▸ **Information provided**
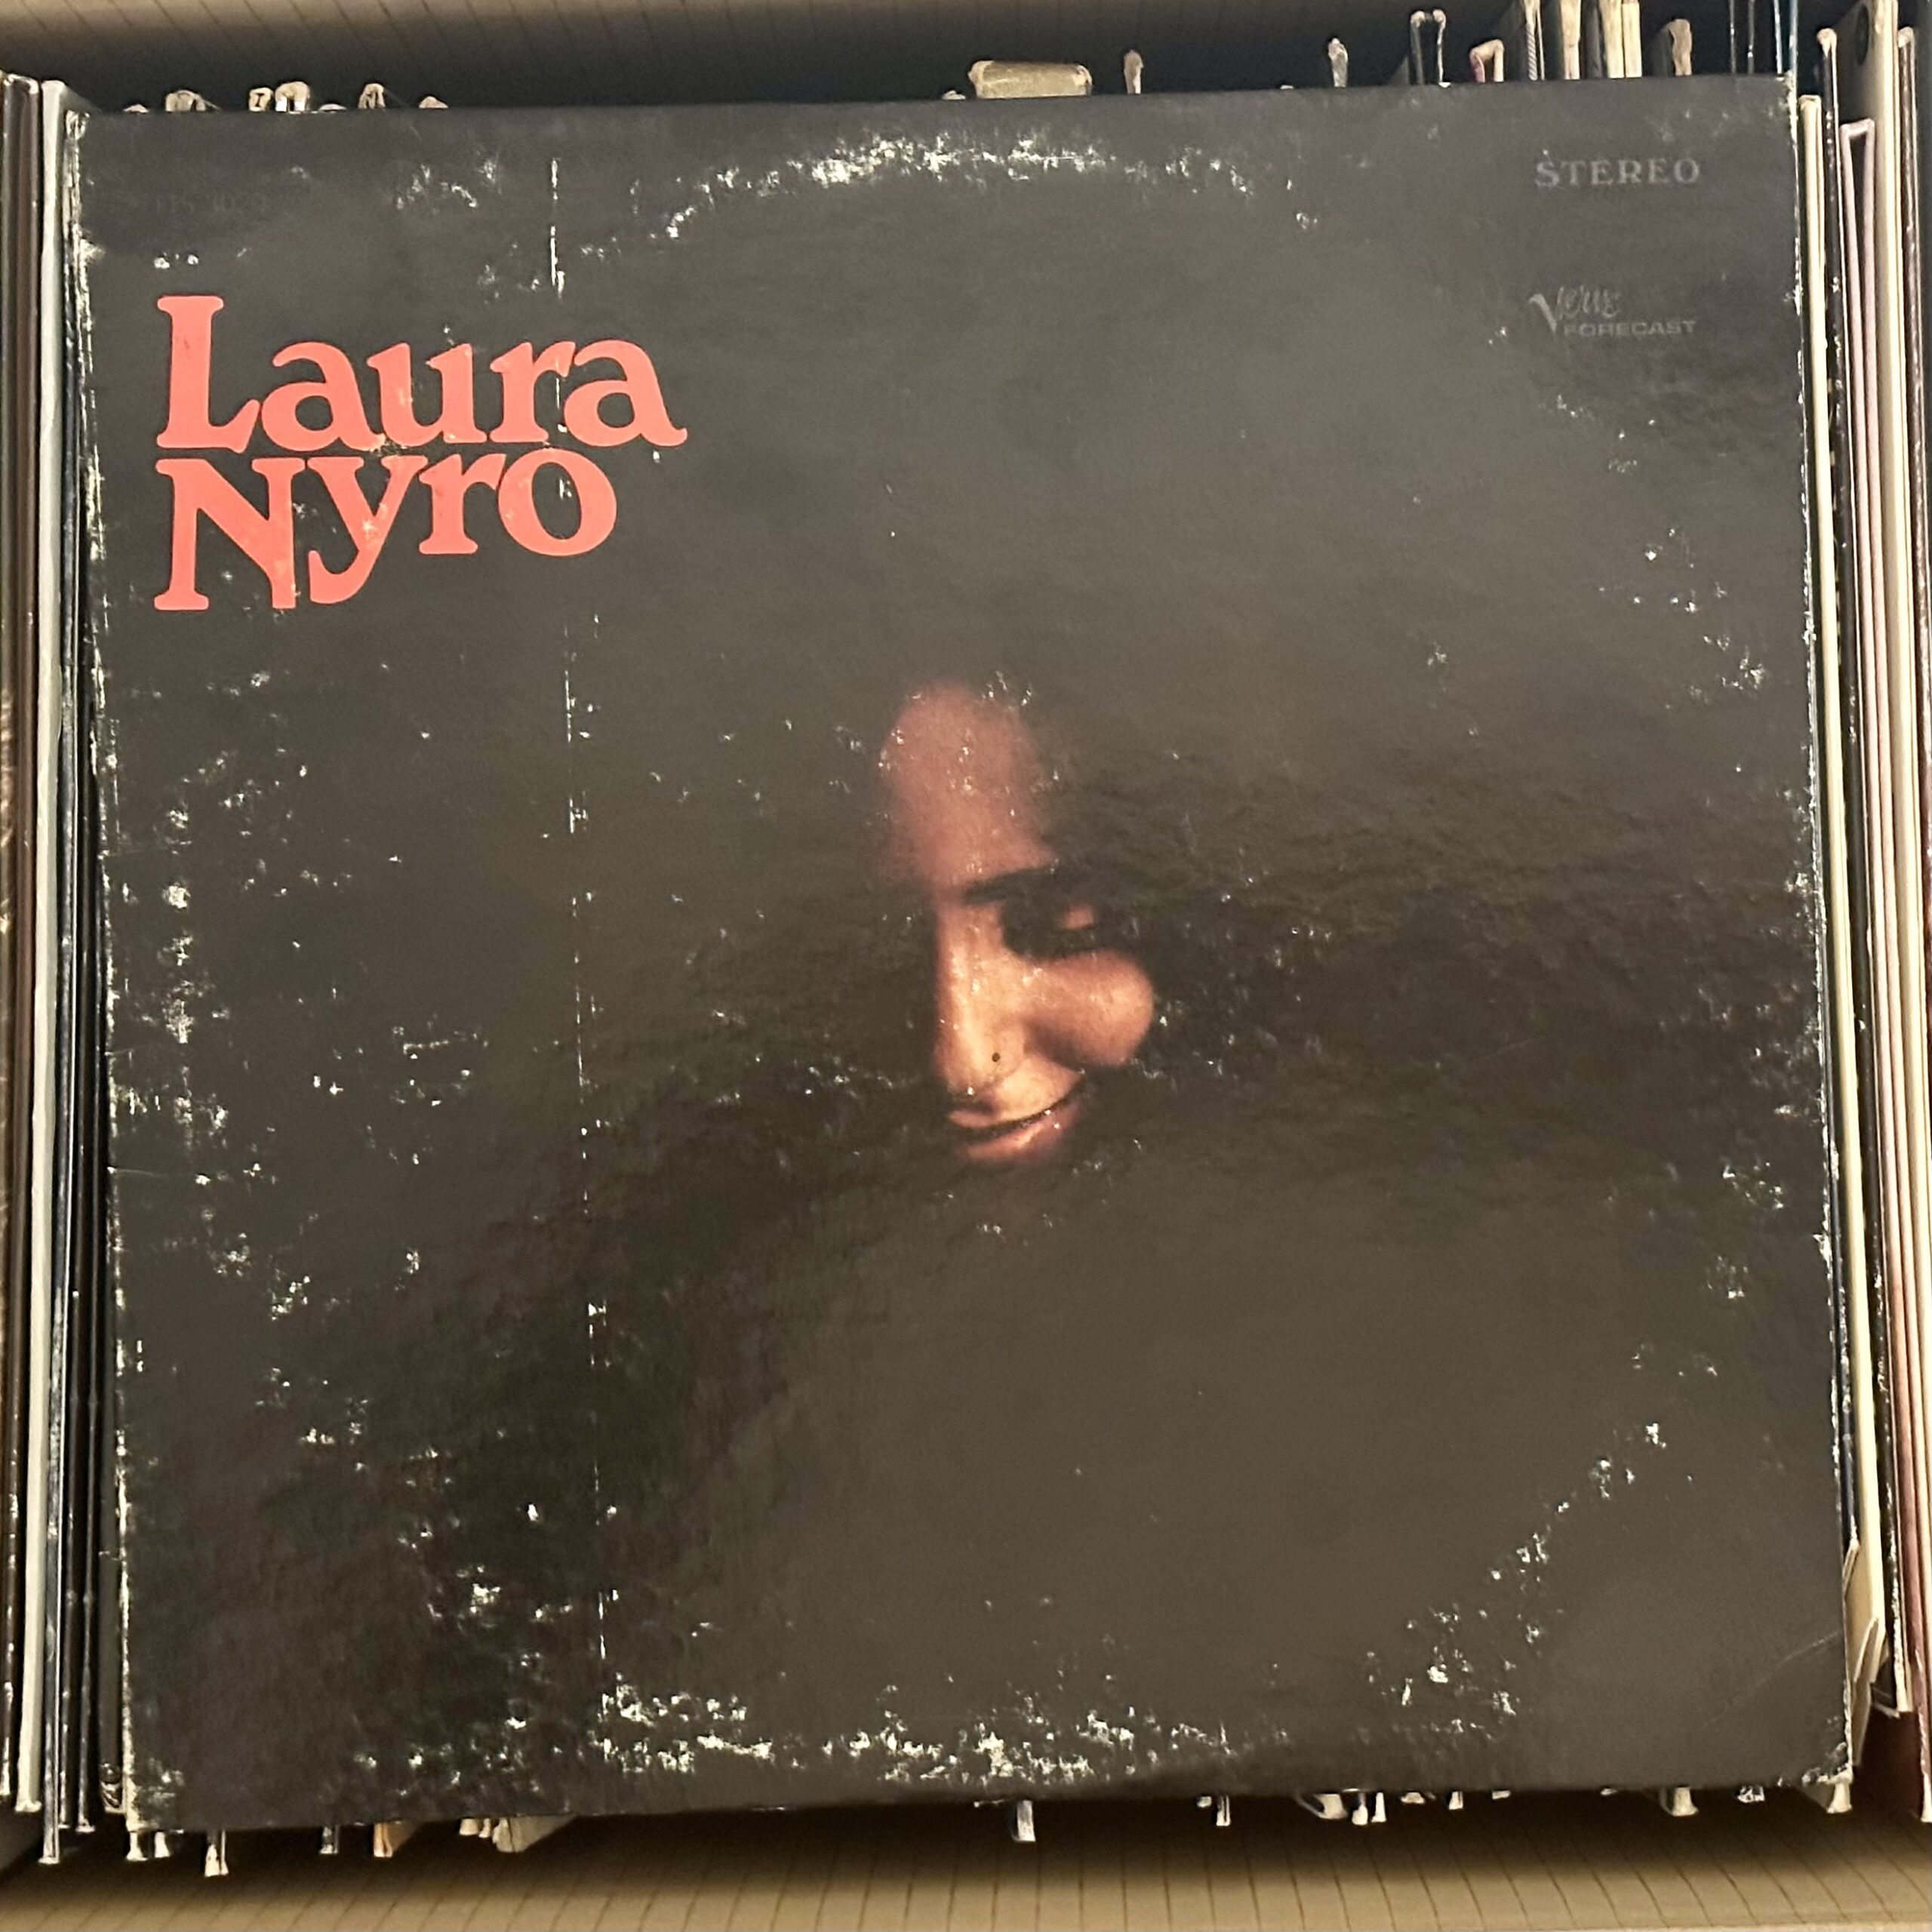 The First Songs by Laura Nyro
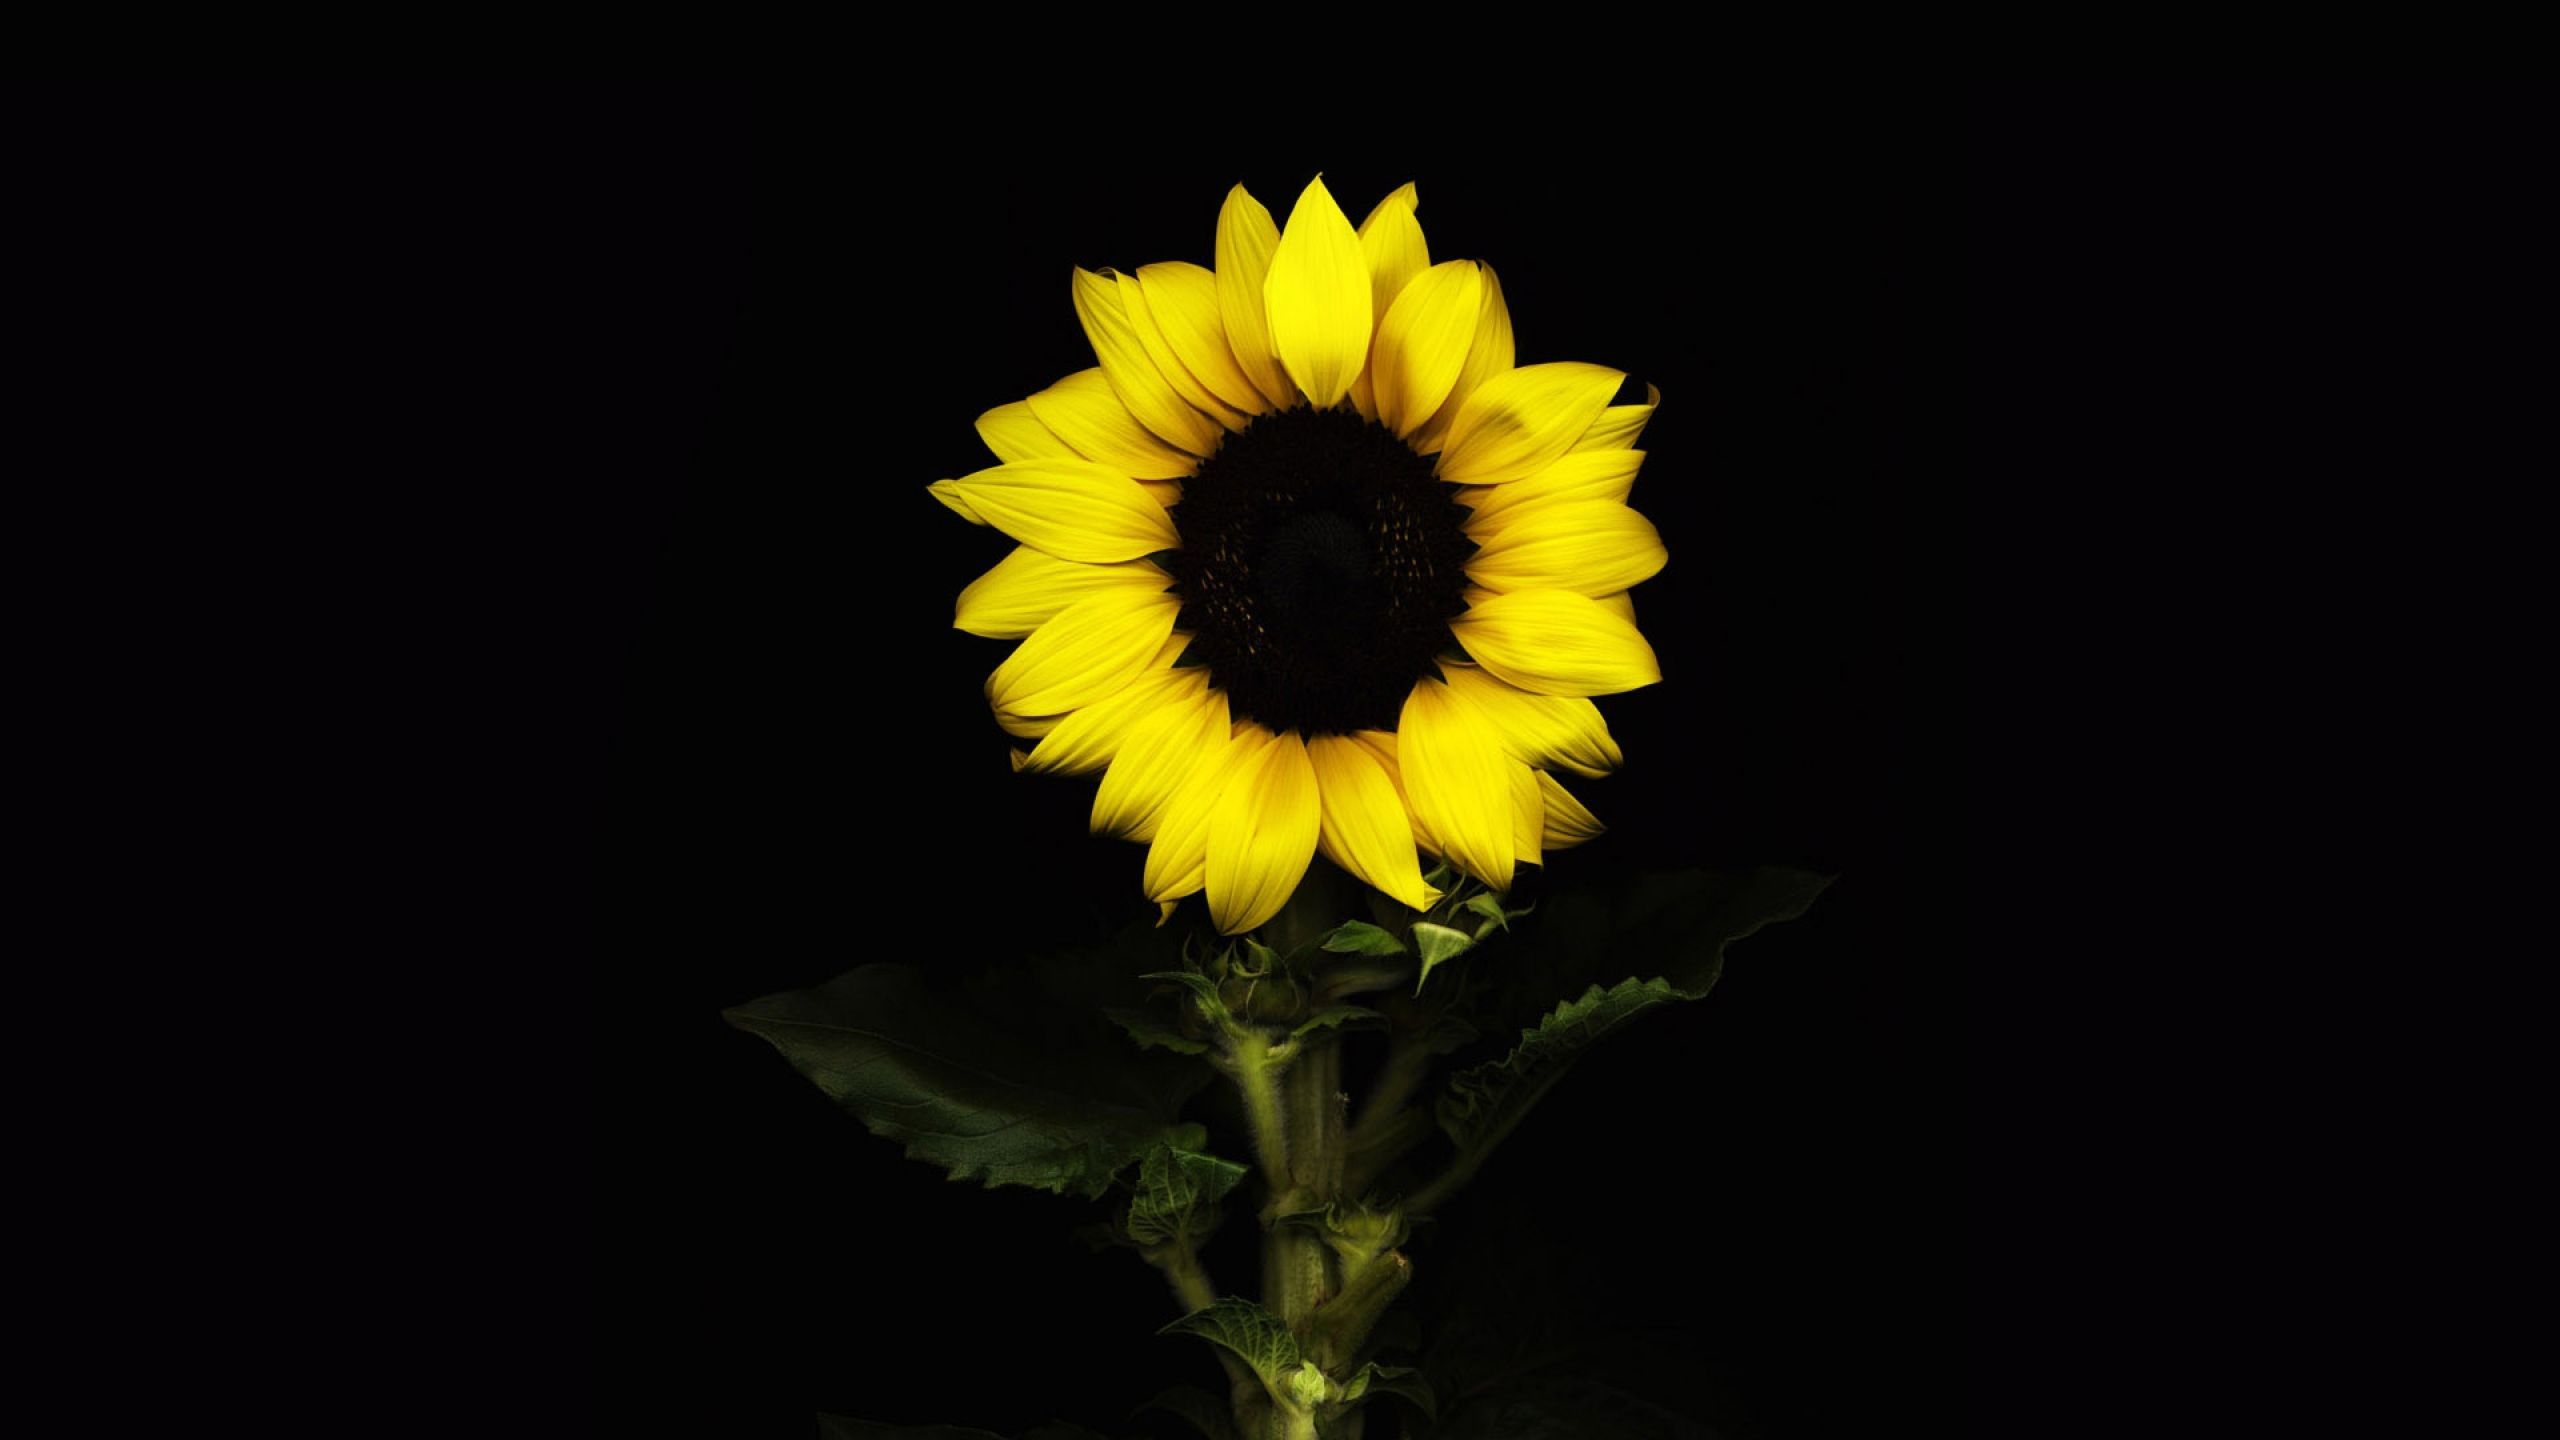 Download Wallpaper 2560x1440 Sunflower, Black background, With ...
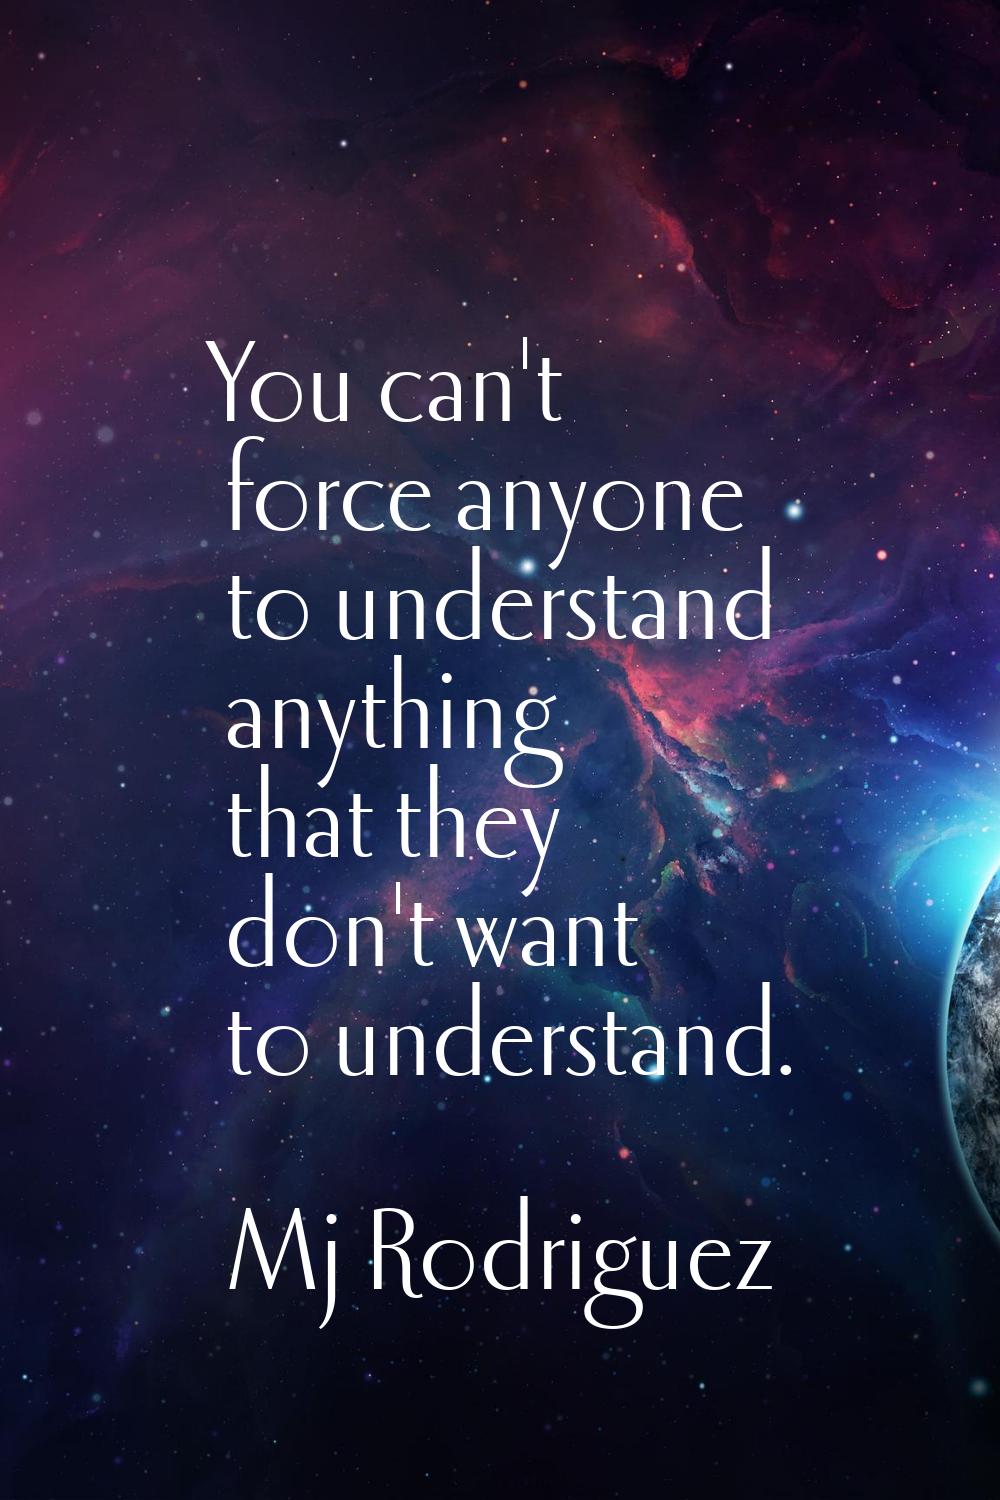 You can't force anyone to understand anything that they don't want to understand.

▸ **About this exercise**
This task calls for the listing to be restated exactly, with images omitted.

▸ **Exercise answer**
 The First Songs by Laura Nyro
 Download Wallpaper 2560x1440 Sunflower, Black background, With ...
 You can't force anyone to understand anything that they don't want to understand.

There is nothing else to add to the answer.